This is the third in a series of posts (see previous posts here and here) where I am asking us all to consider reevaluating some of our beliefs surrounding slavery. People everywhere like to make the point that:

“Only one in three southerners held slaves.”

Why do people say that? It’s often a part of some argument designed to downplay the size, impact and effect of slavery, especially at the start of the Civil War. Some slavery apologists in the South even said that slavery was dying out.

And the statement is technically true.

But as usual, the devil is in the details. And the mathematical magic of averaging hides what I believe is the more important picture.

1860 Percentages

The table below shows the percentage of enslaved people in every Southern state in 1860:

1860 Slave Percentages

By 1860, as a percentage, enslaved people were more than half the population in Mississippi and South Carolina. In Alabama, Florida, Georgia, and Louisiana, slaves made up close to half the population.

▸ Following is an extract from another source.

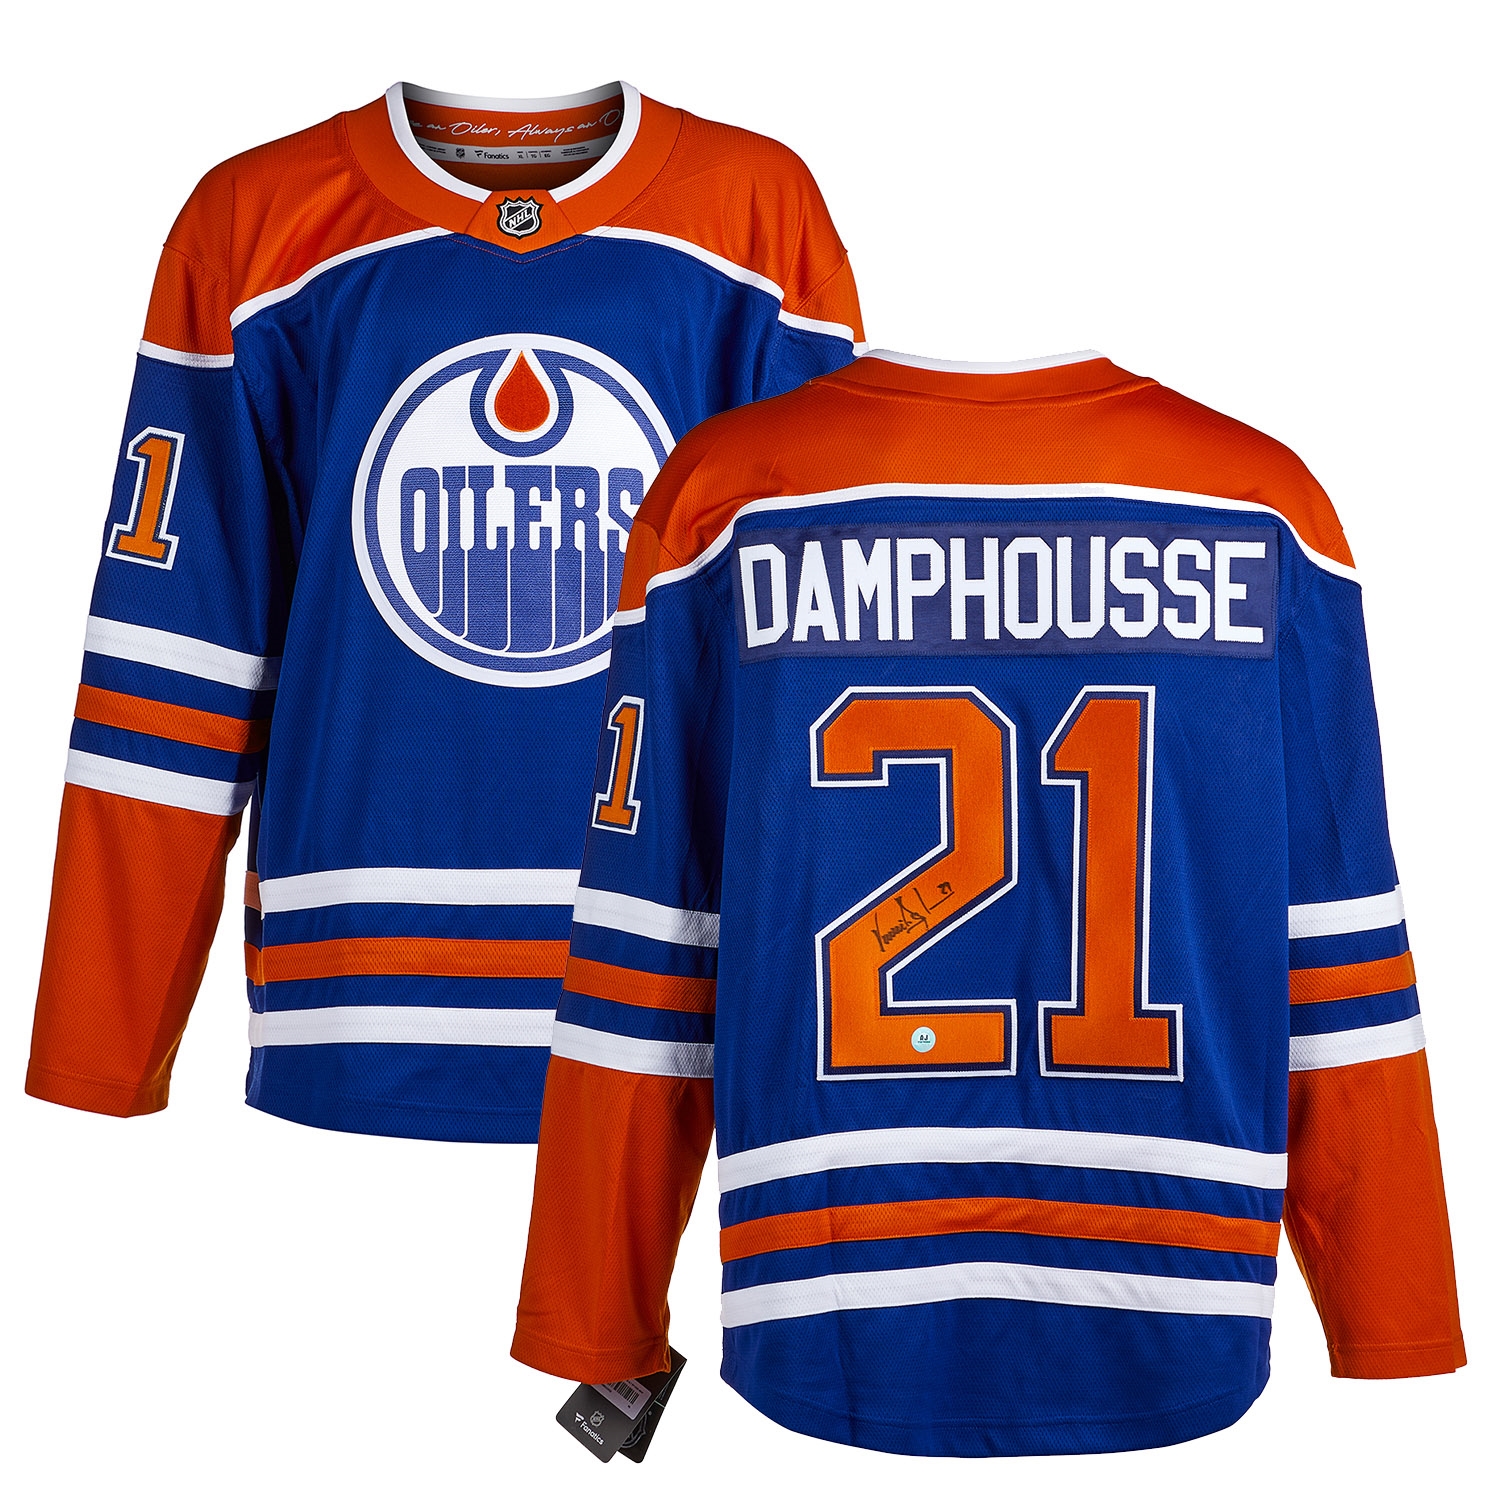 Vincent Damphousse Edmonton Oilers Autographed Fanatics Jersey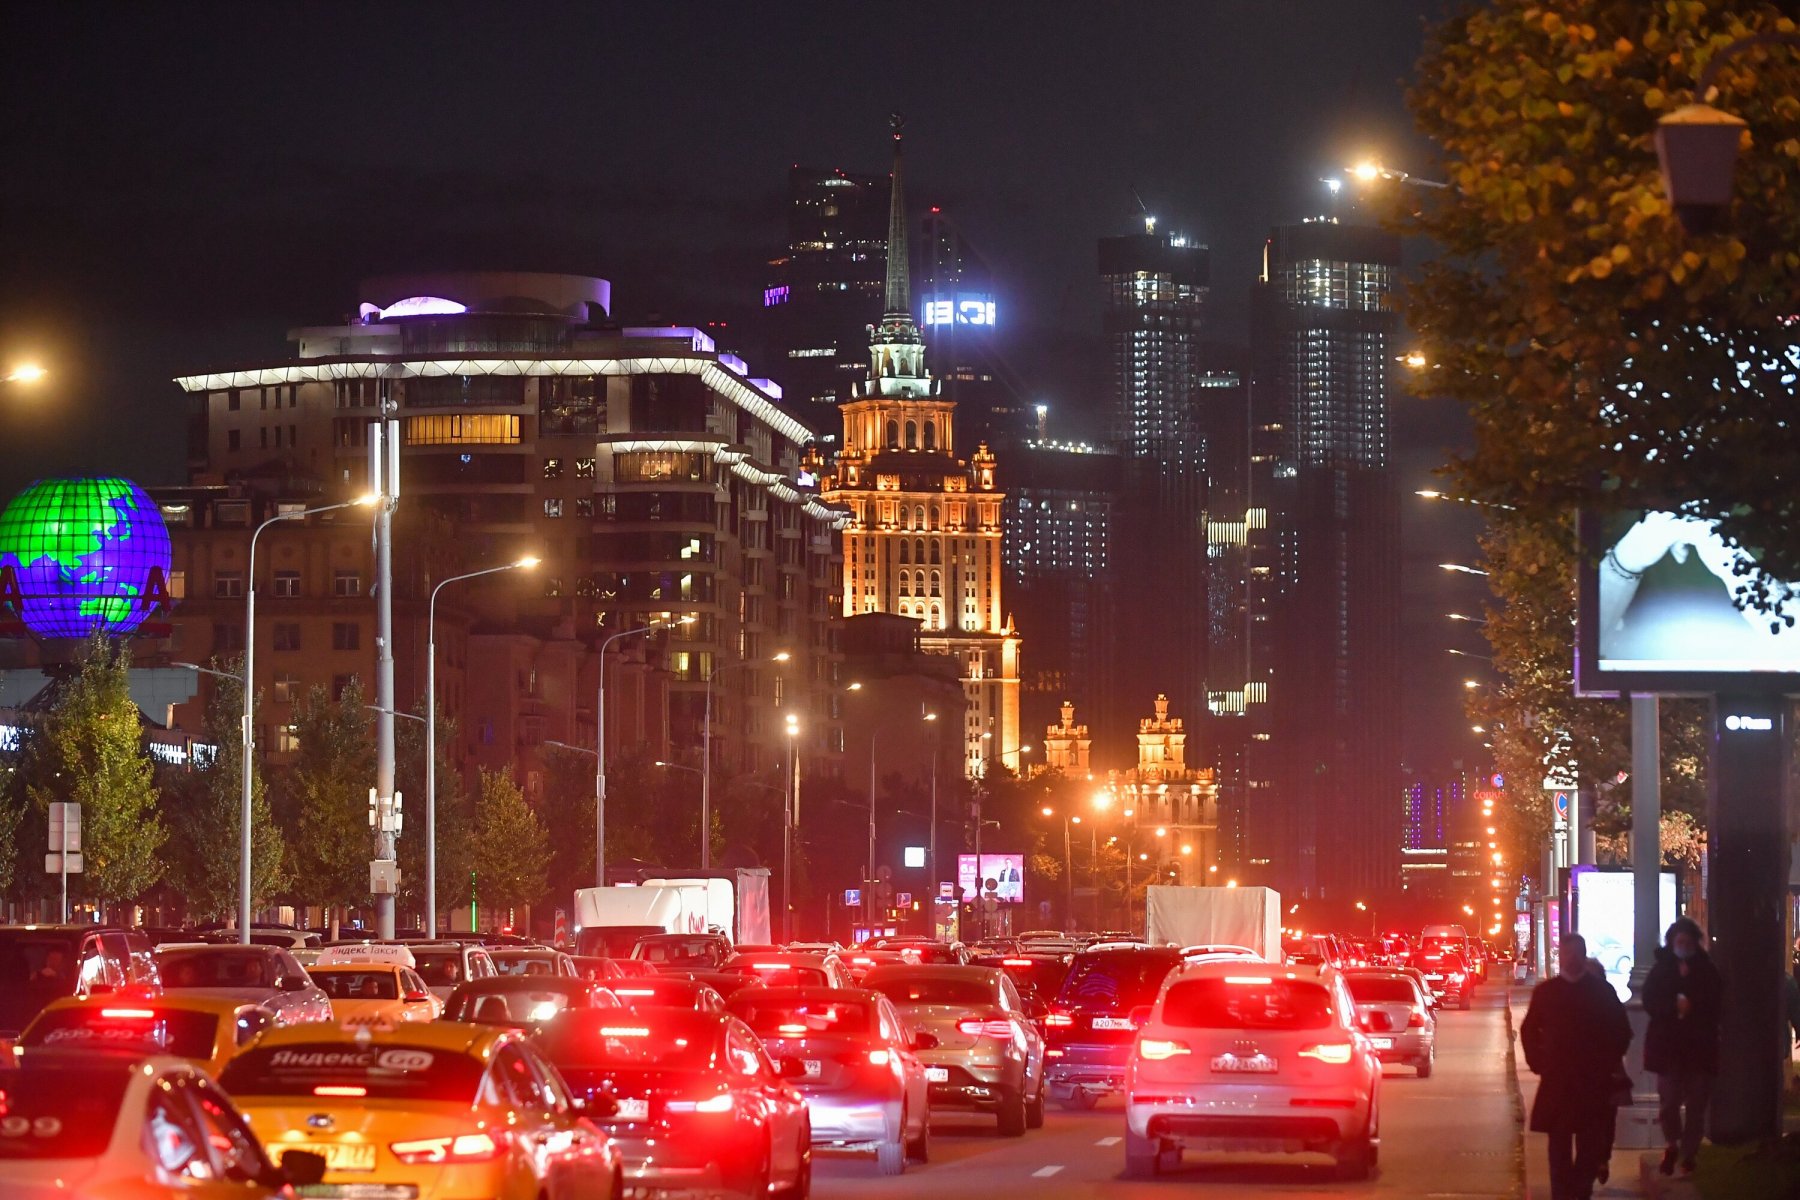 Московским автомобилистам рекомендуют воспользоваться общественным транспортом из-за вечерних пробок

The Upper South states of North Carolina, Virginia and Maryland were right around one-third. But those states had long had a surplus of slaves and had been engaged in selling slaves to the deep South for over five decades by 1860.

The Takeaway

It is only when averaged with the smaller slave populations in states like Maryland (12.69%), Delaware (1.60%) and even Missouri (9.72%) that we arrive at the infamous “one-in-three.”

We all know that in 1860 it was the Cotton Belt and Deep South states that were the drivers of the slave economy. Let’s not forget about the complicit North.

Thus, in the places that counted, the one-third figure is deceiving and does not tell us what we really need to know. It hides the power and strength of slavery in 1860.

Slavery was growing. Our country had four million slaves in that year. They were worth about $3.5 billion dollars; the largest single financial asset in the economy.

It is that–I would argue–that we really need to know.